DATA SEGMENT START

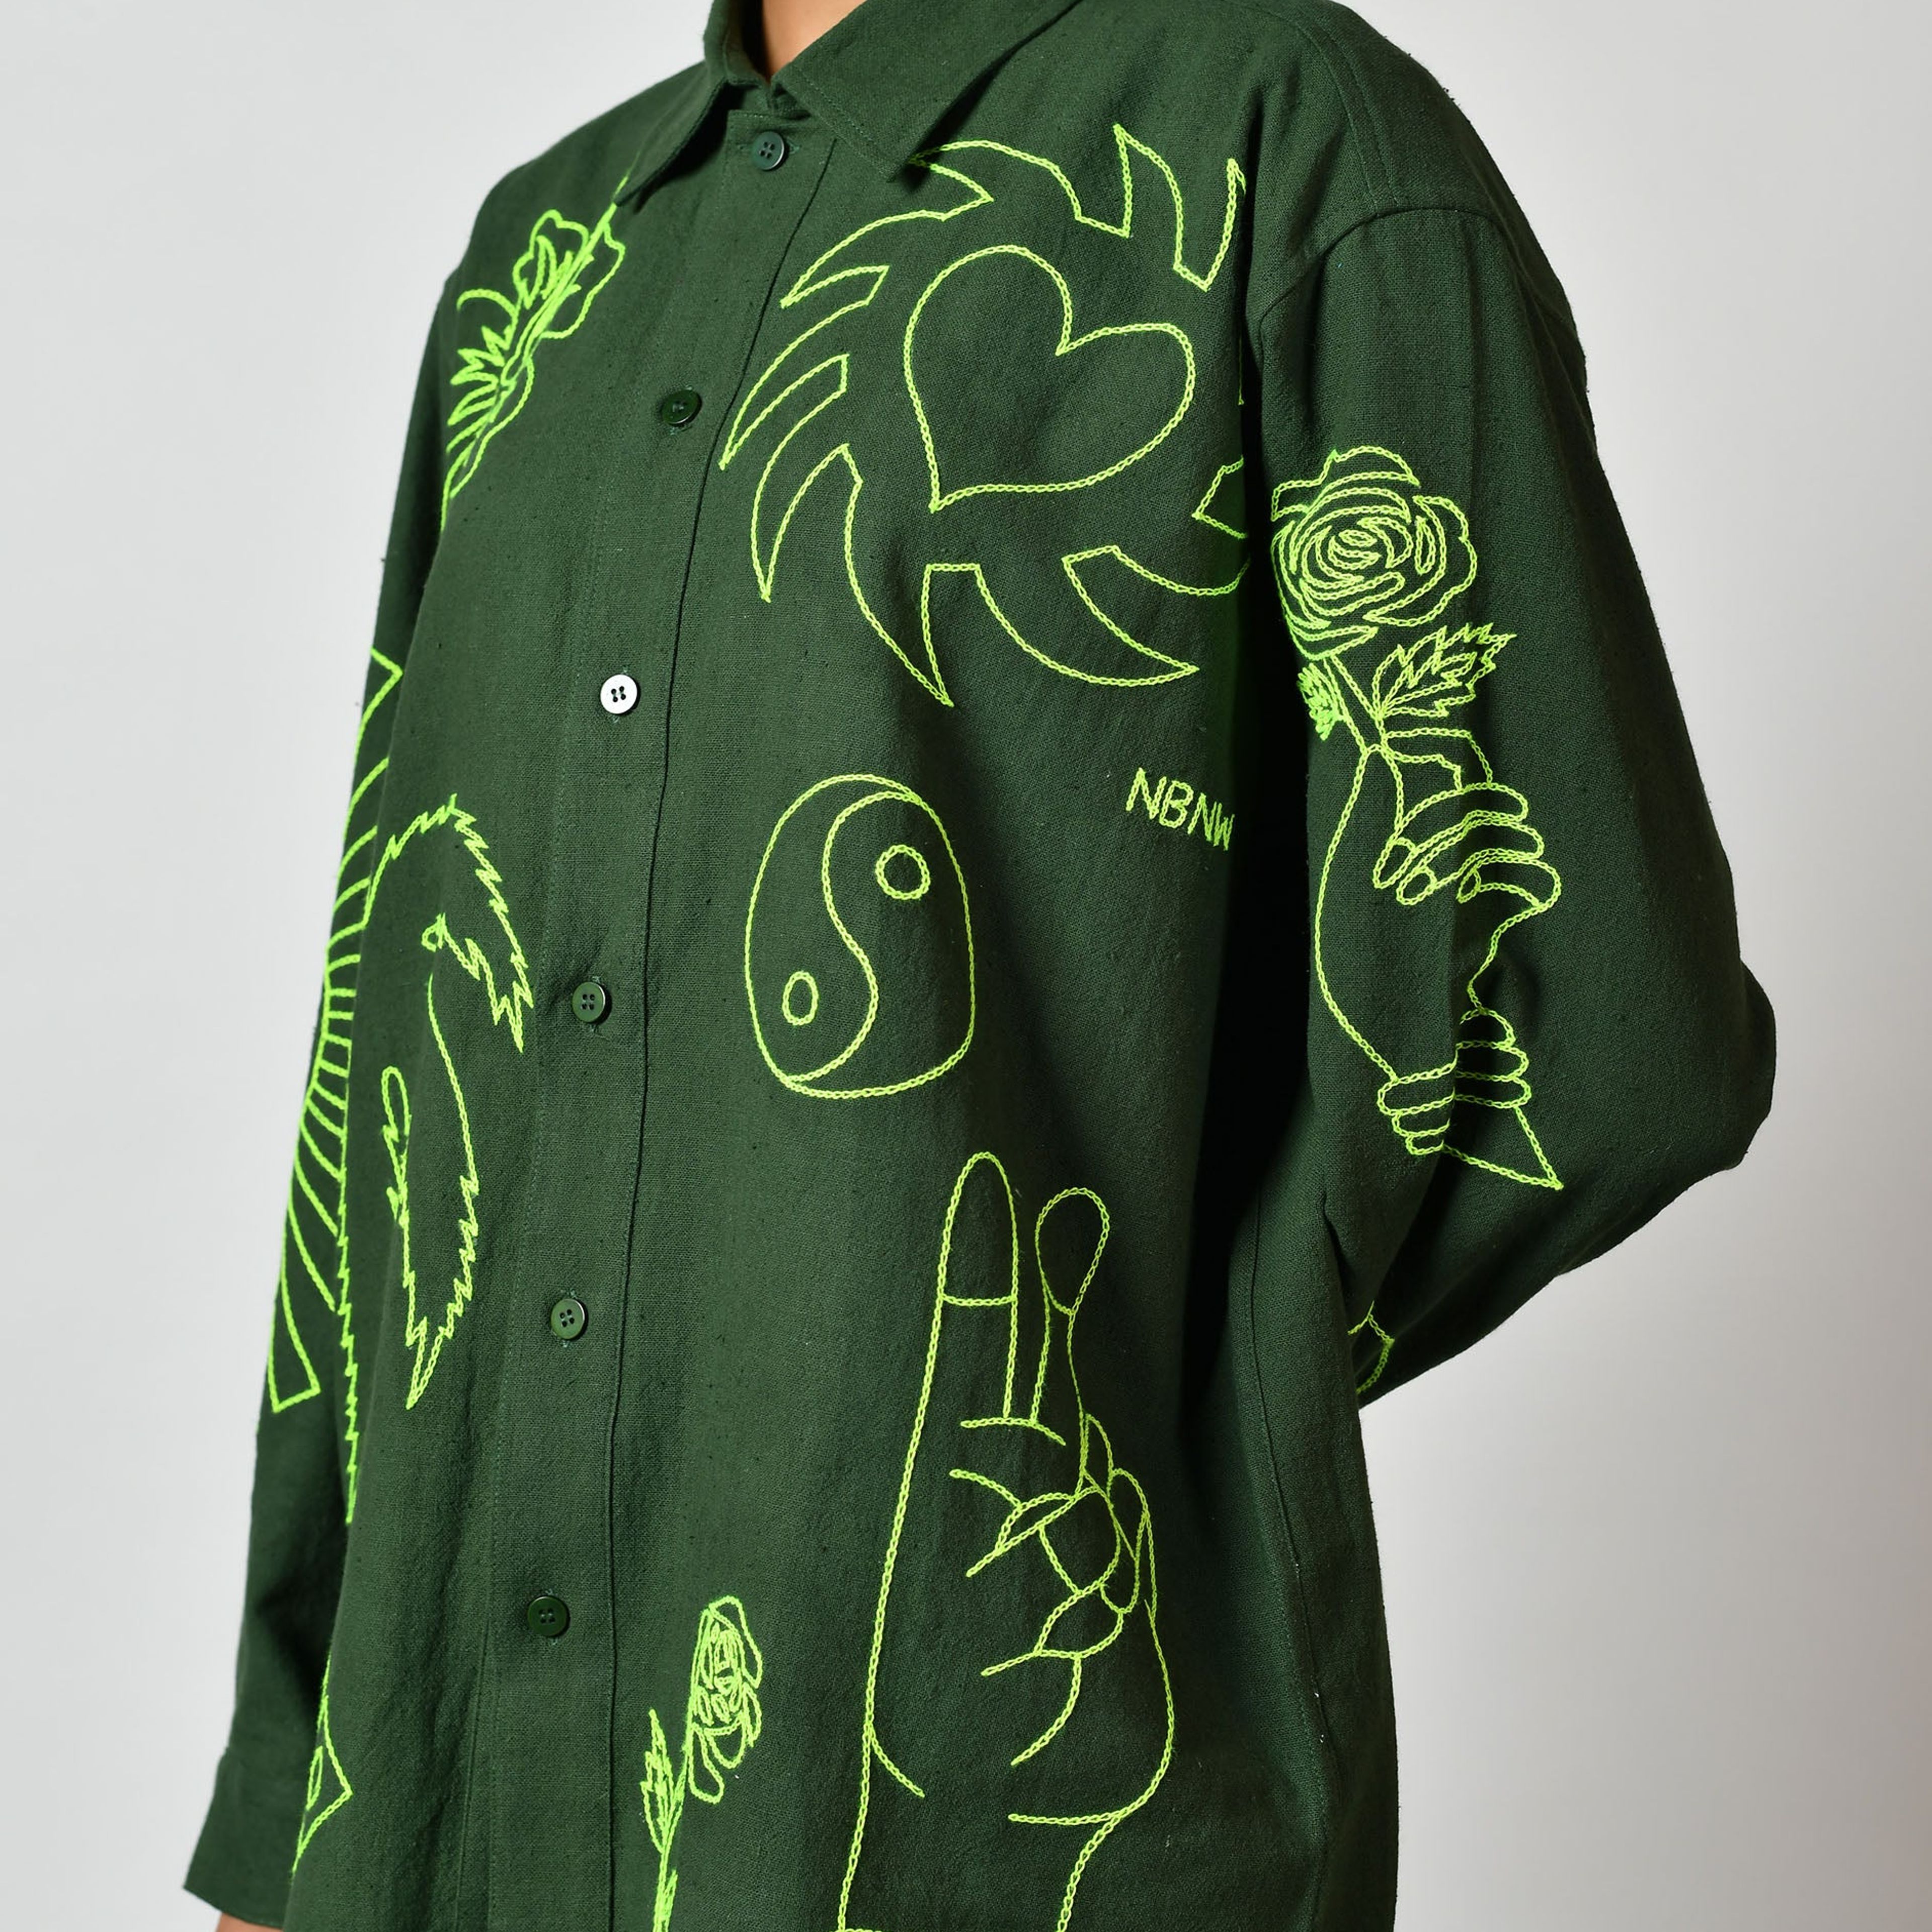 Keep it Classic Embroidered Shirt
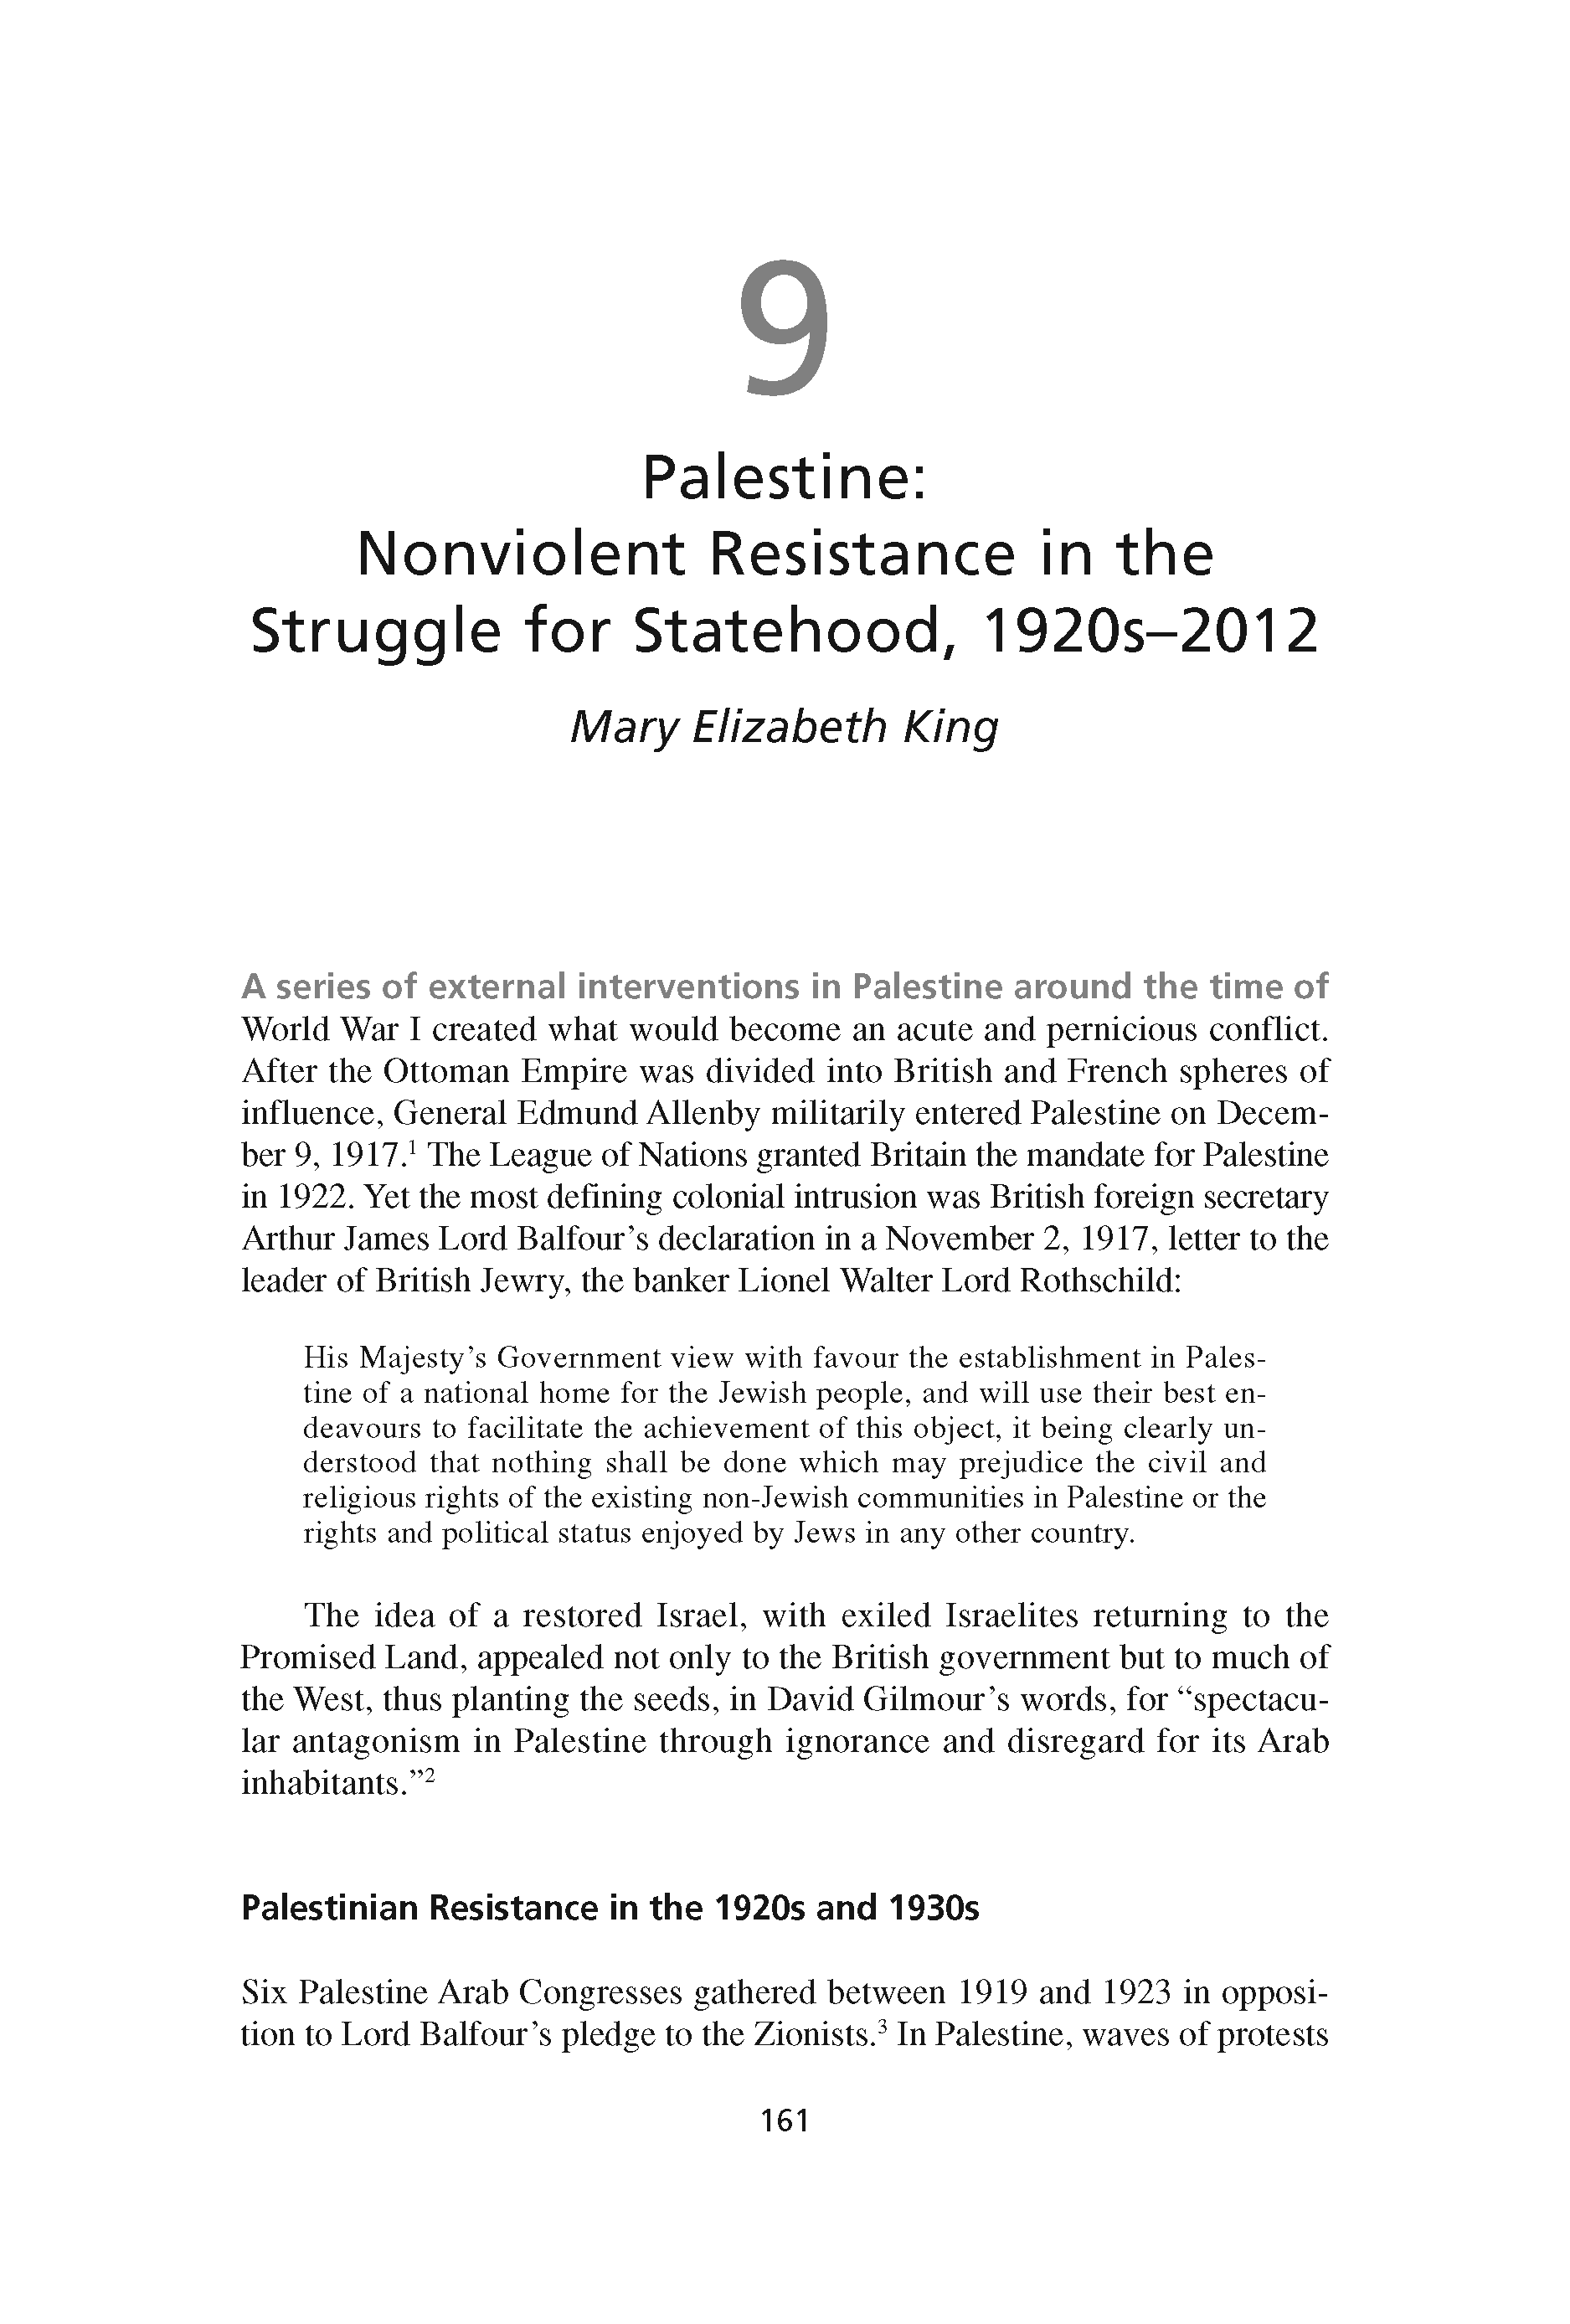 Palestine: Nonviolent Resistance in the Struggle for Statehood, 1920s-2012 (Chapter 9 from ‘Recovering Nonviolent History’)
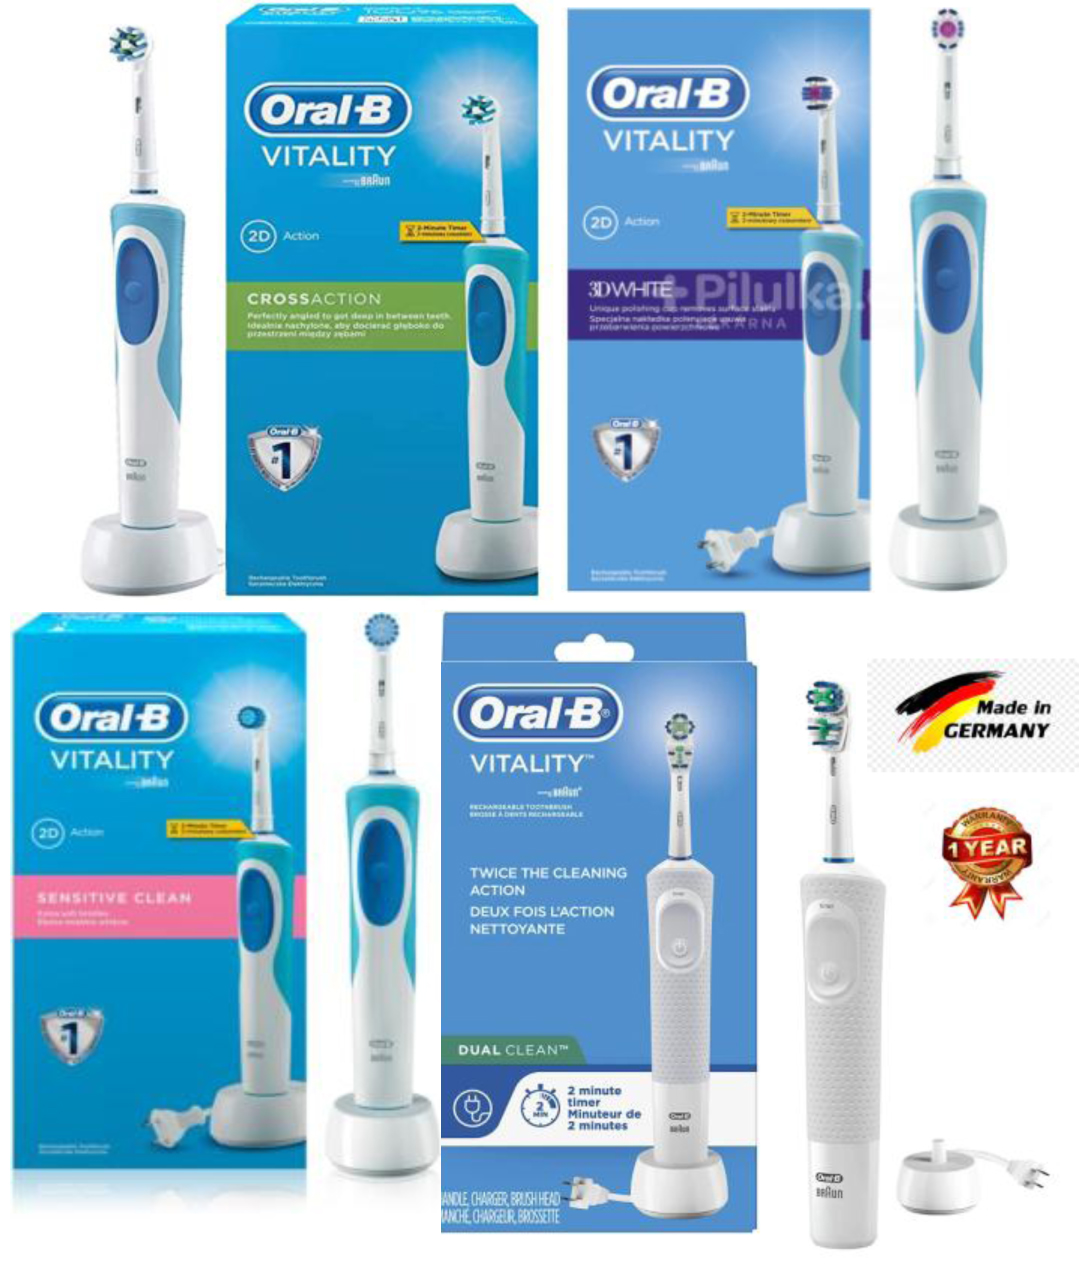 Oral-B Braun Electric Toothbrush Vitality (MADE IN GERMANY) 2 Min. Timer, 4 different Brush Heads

DATA SEGMENT END

YOUR ASSIGNMENT → Exclude every picture, then reproduce the remaining data character for character.

RESPONSE TO THE TASK →
 Keep it Classic Embroidered Shirt
 Palestine: Nonviolent Resistance in the Struggle for Statehood, 1920s-2012 (Chapter 9 from ‘Recovering Nonviolent History’)
 Oral-B Braun Electric Toothbrush Vitality (MADE IN GERMANY) 2 Min. Timer, 4 different Brush Heads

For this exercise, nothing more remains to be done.